BEGIN Information shown

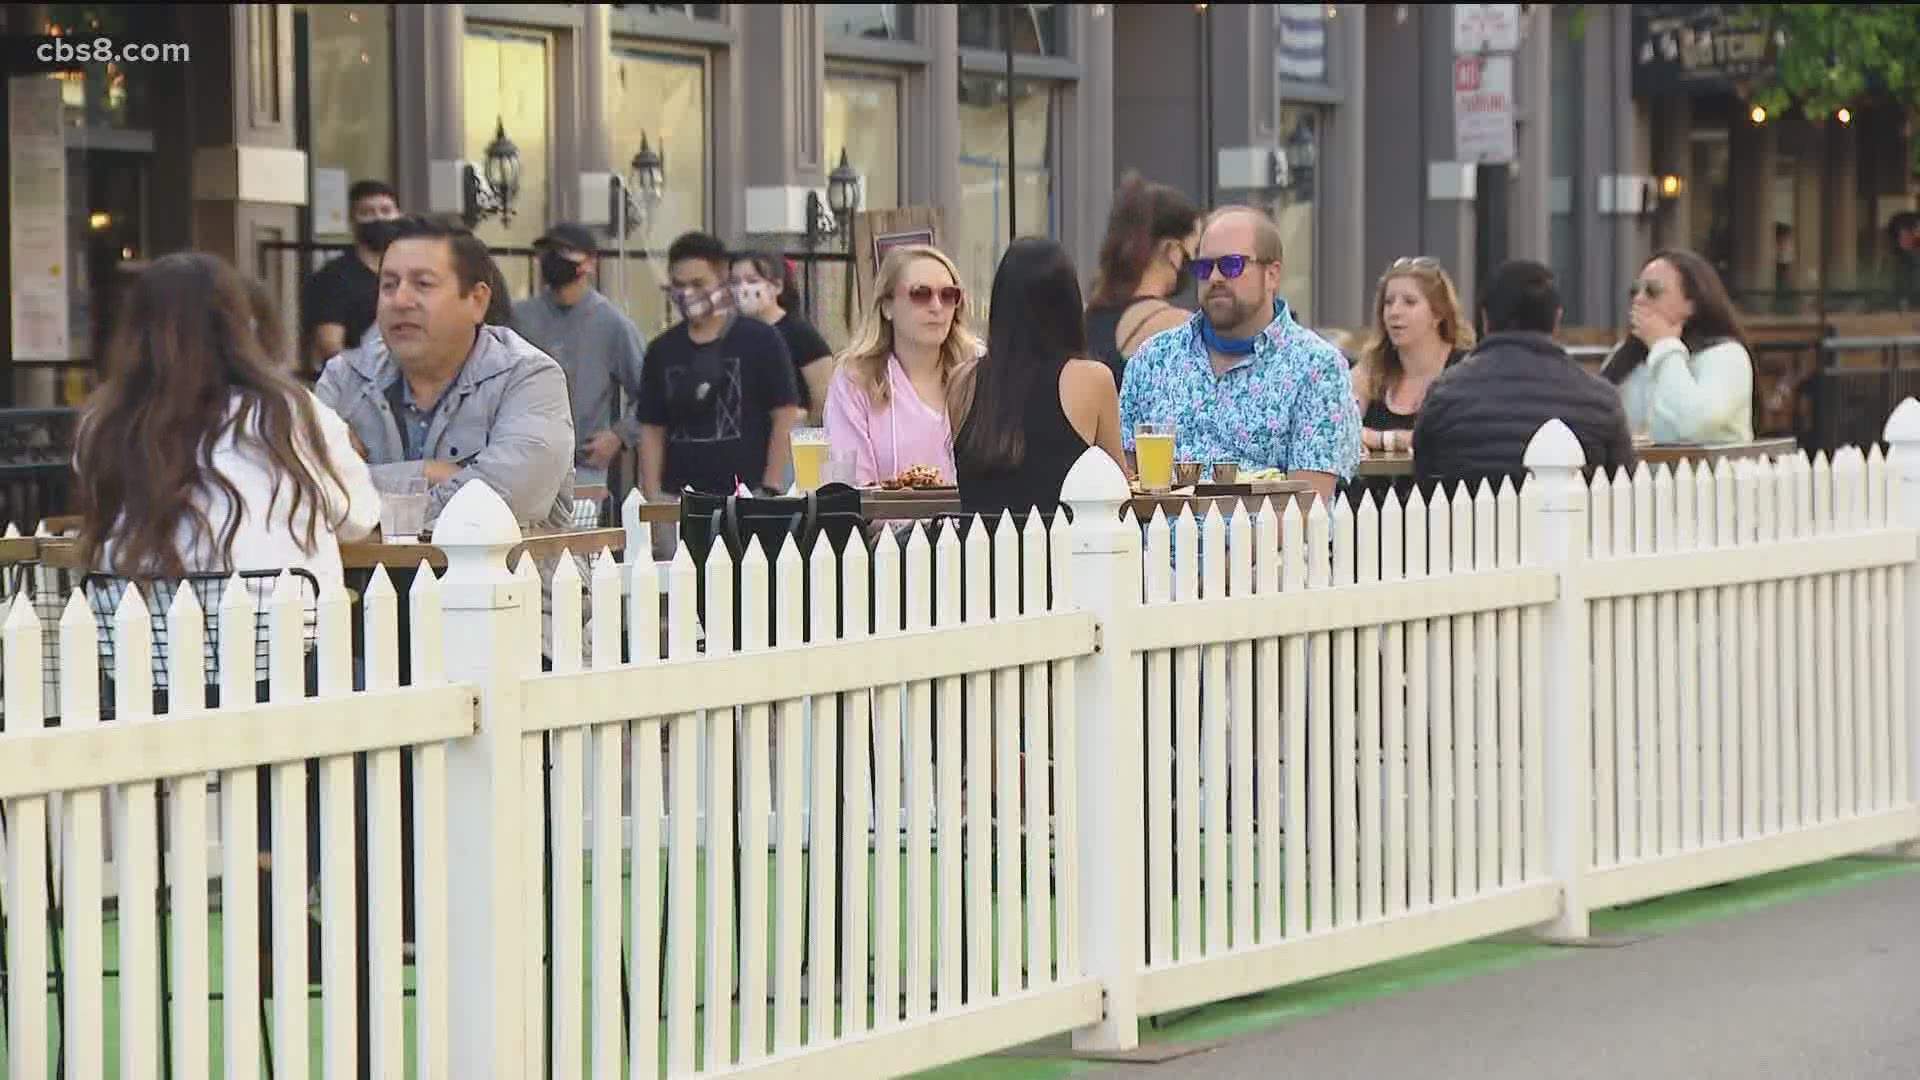 News 8's Abbie Alford reports from downtown San Diego with the effort to control crowds and keep diners socially distant.
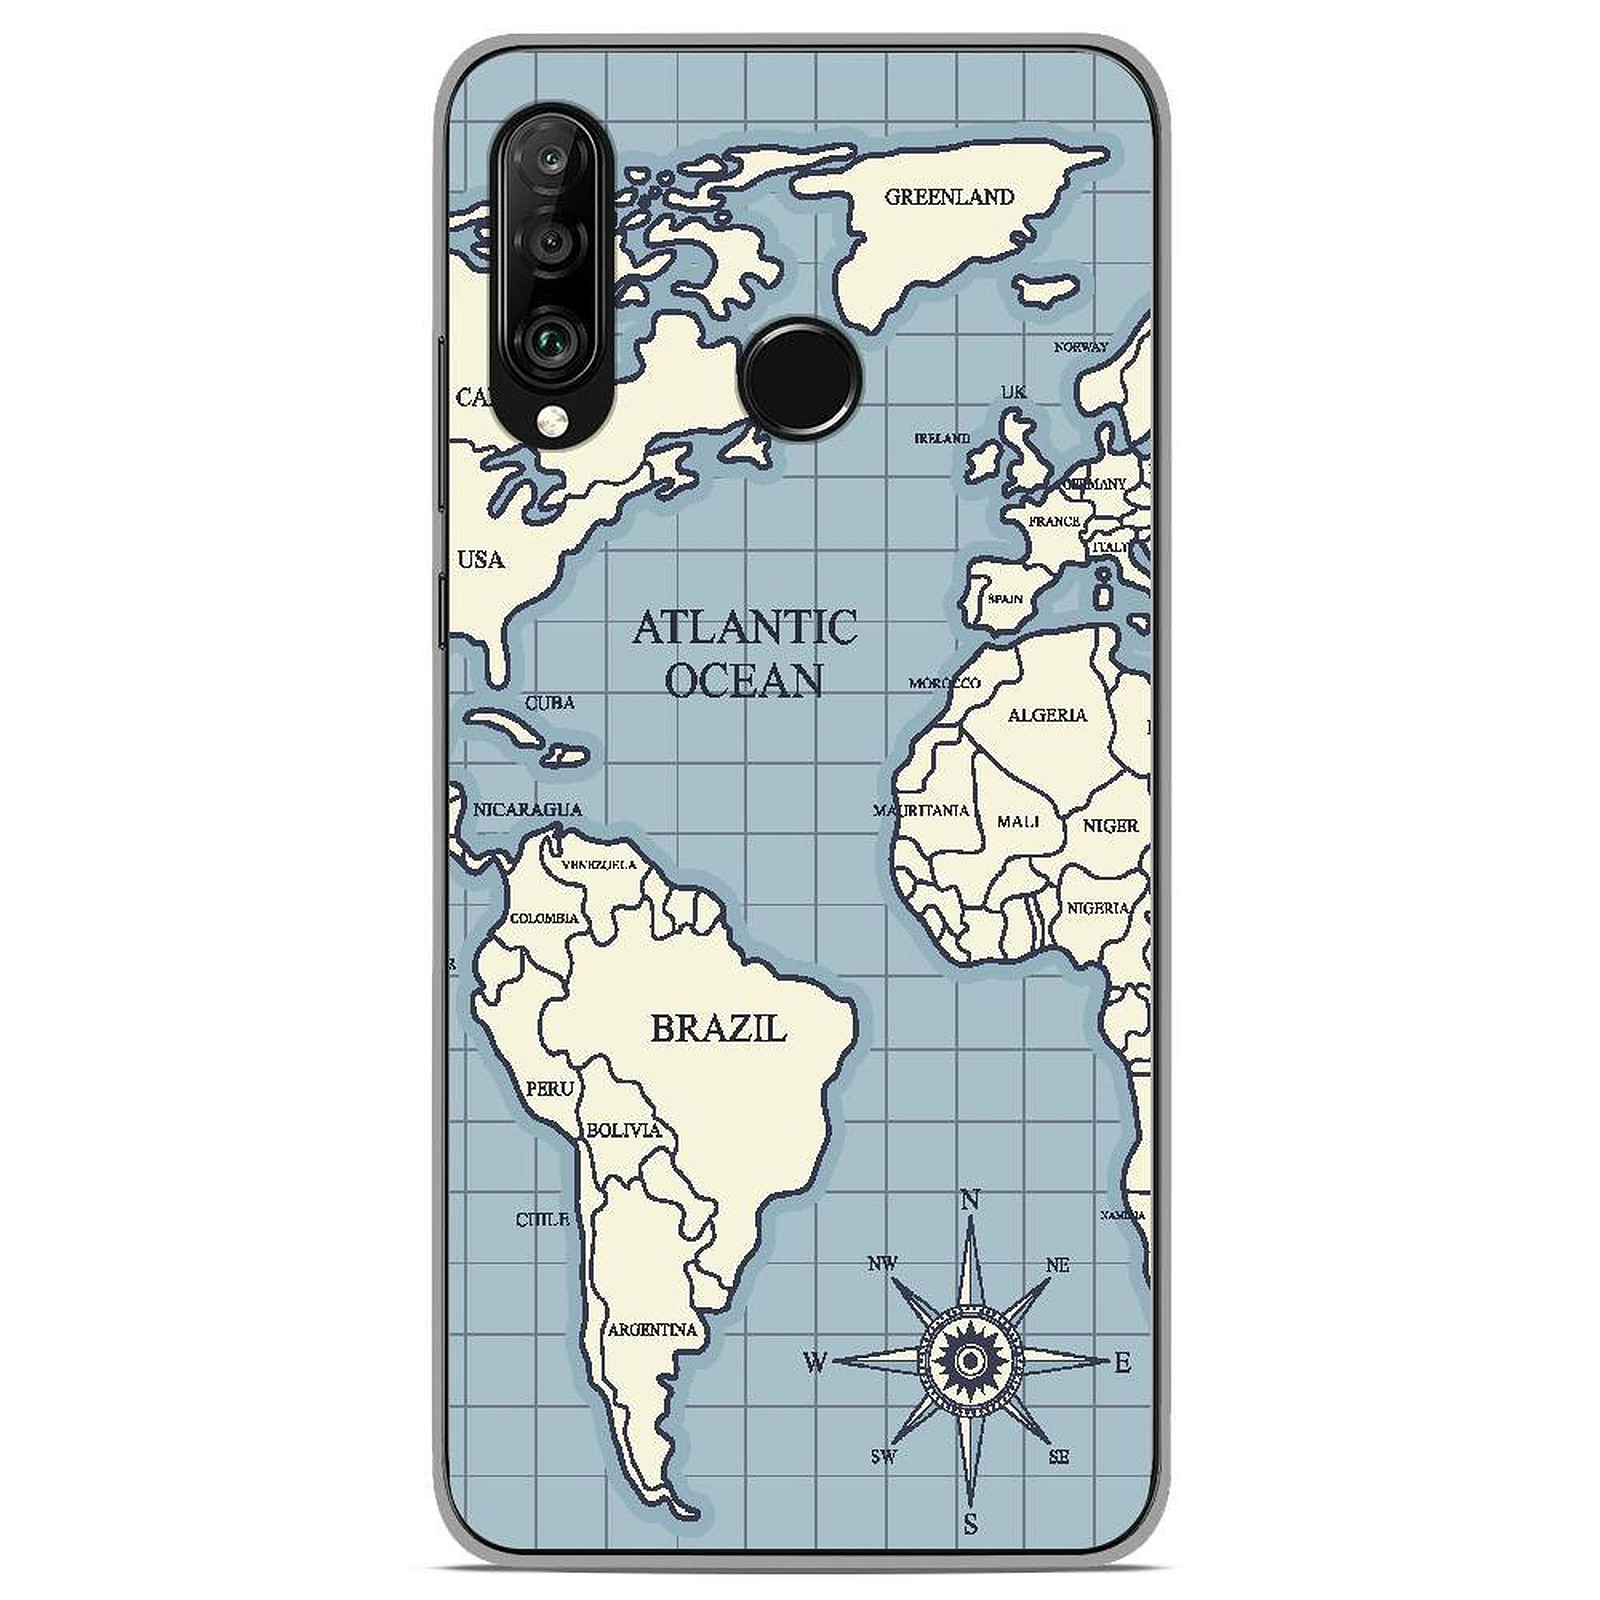 1001 Coques Coque silicone gel Huawei P30 Lite motif Map vintage - Coque telephone 1001Coques
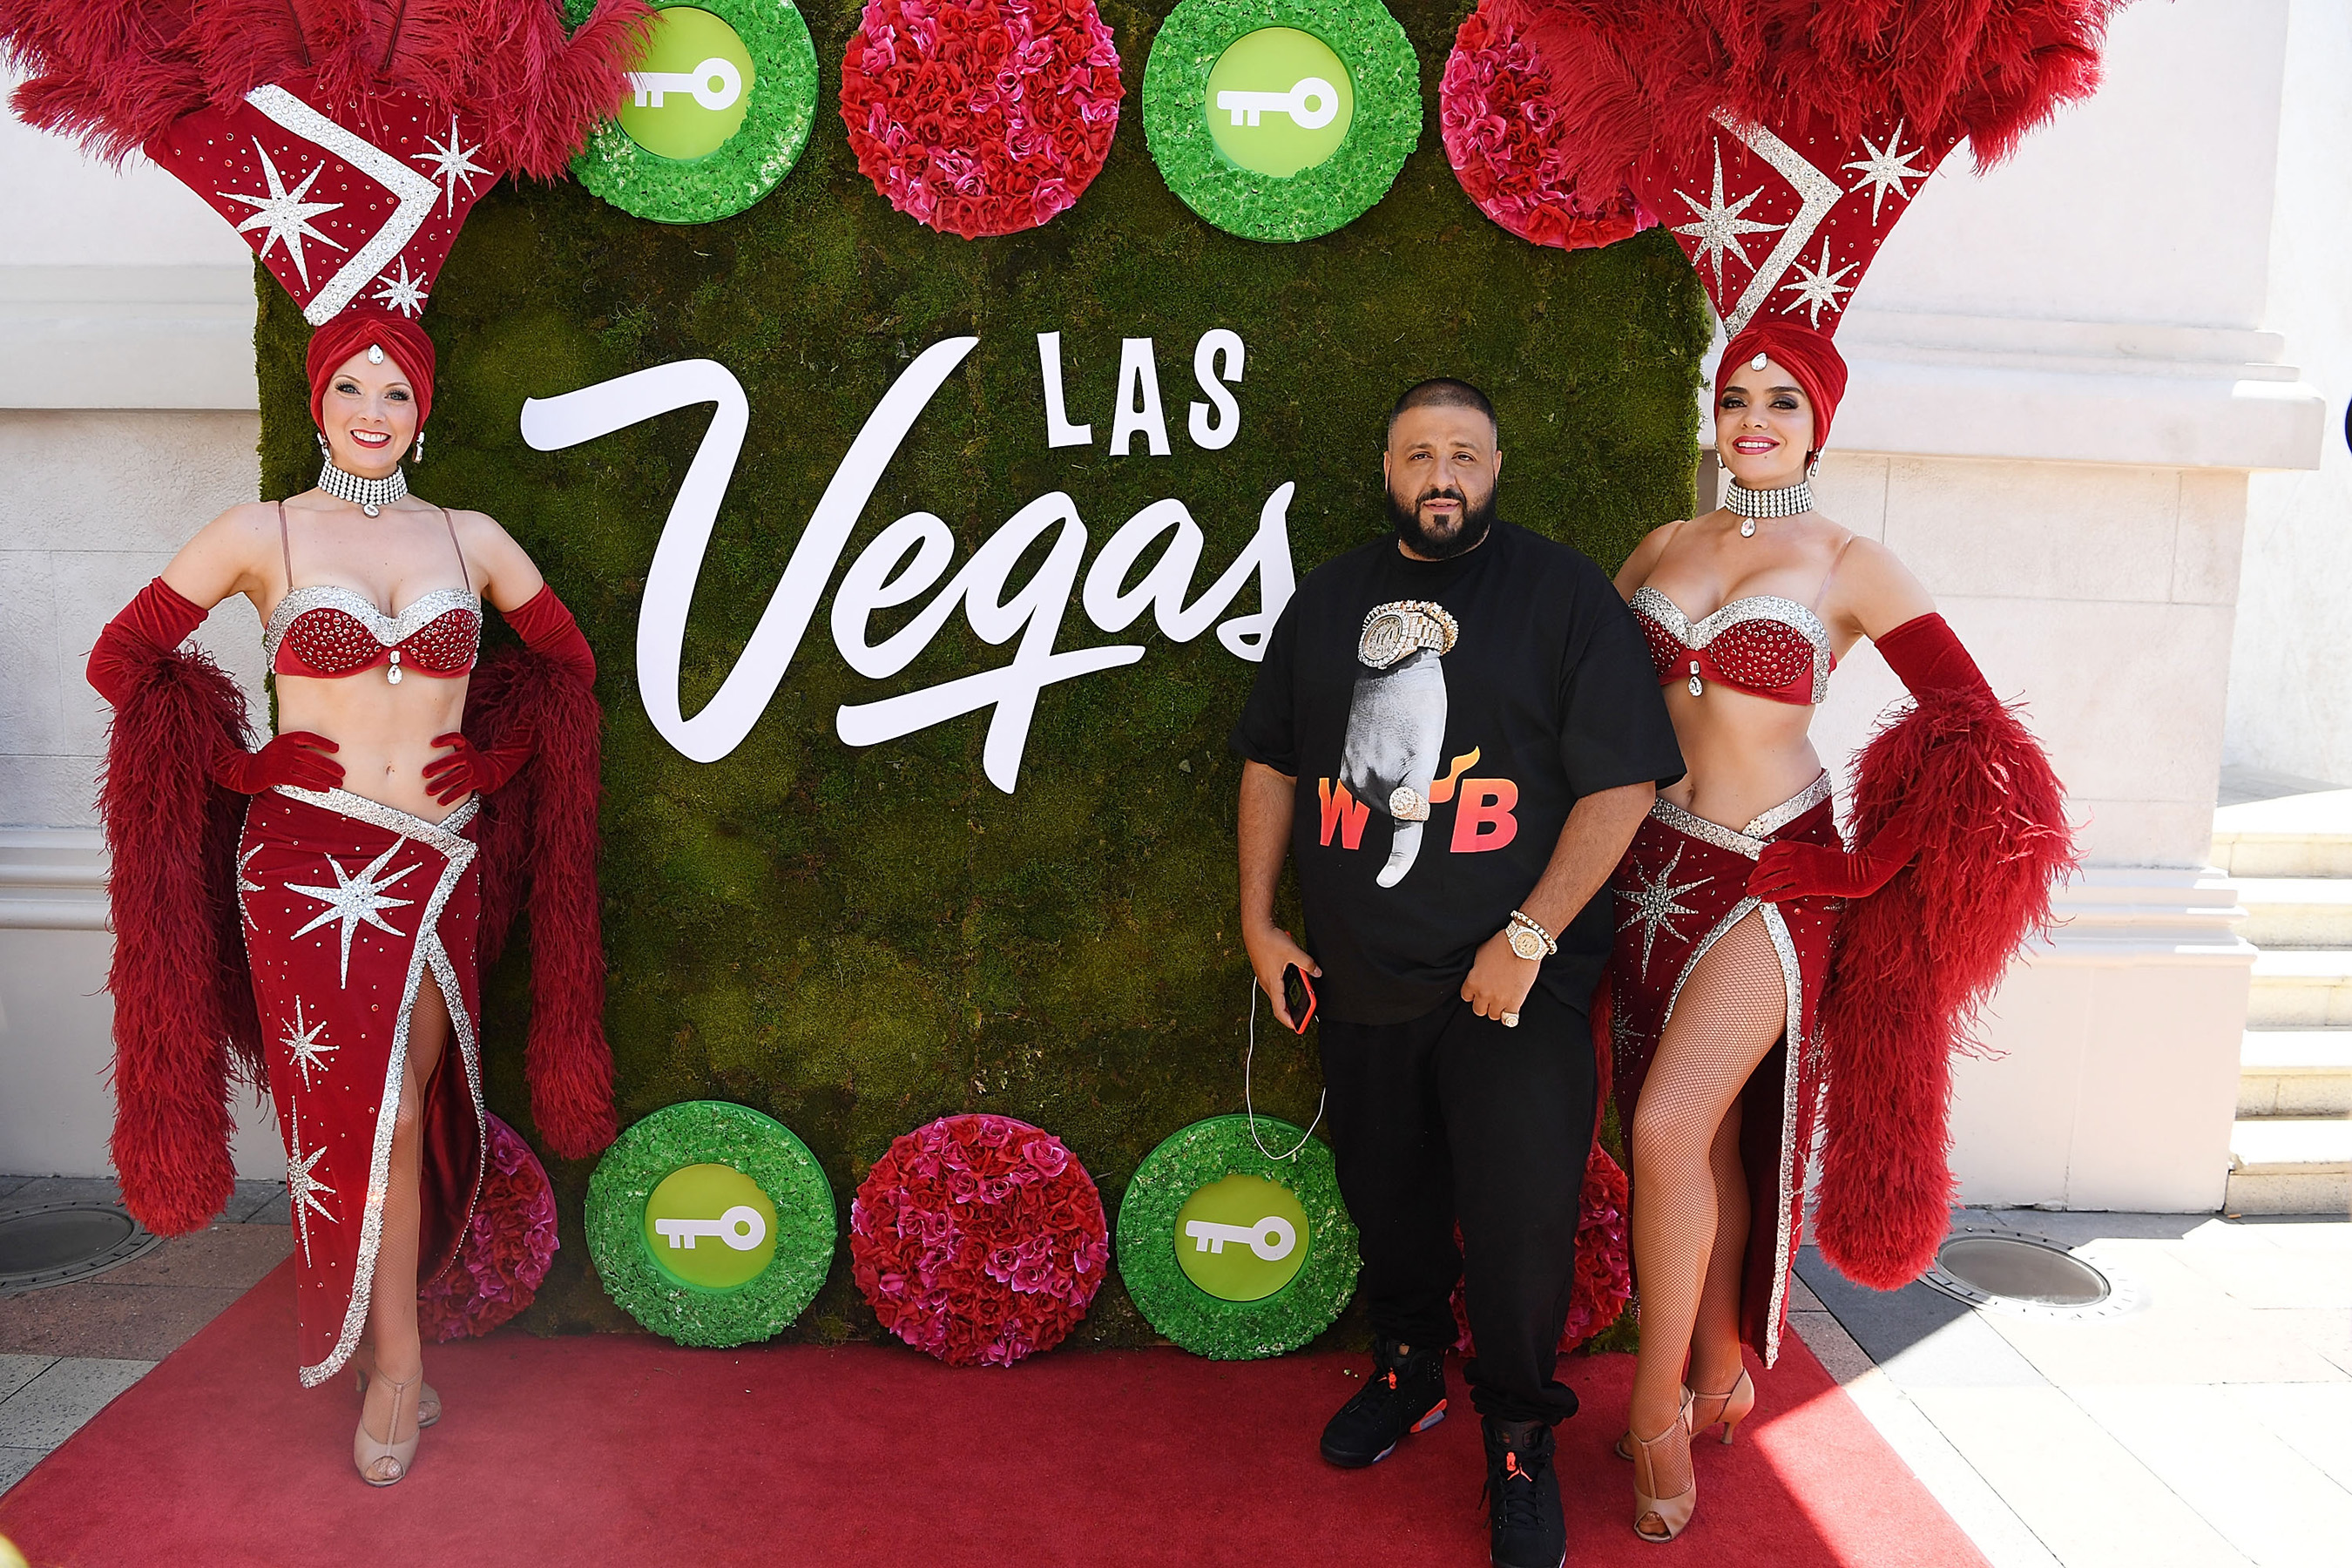 Las Vegas celebrated the launch of its official Snapchat channel by presenting the “King of Snapchat,” DJ Khaled with a key to the Strip

END Information shown

Are you able to set down all the lines above exactly, without any pictures?

 News 8's Abbie Alford reports from downtown San Diego with the effort to control crowds and keep diners socially distant.
 1001 Coques Coque silicone gel Huawei P30 Lite motif Map vintage - Coque telephone 1001Coques
 Las Vegas celebrated the launch of its official Snapchat channel by presenting the “King of Snapchat,” DJ Khaled with a key to the Strip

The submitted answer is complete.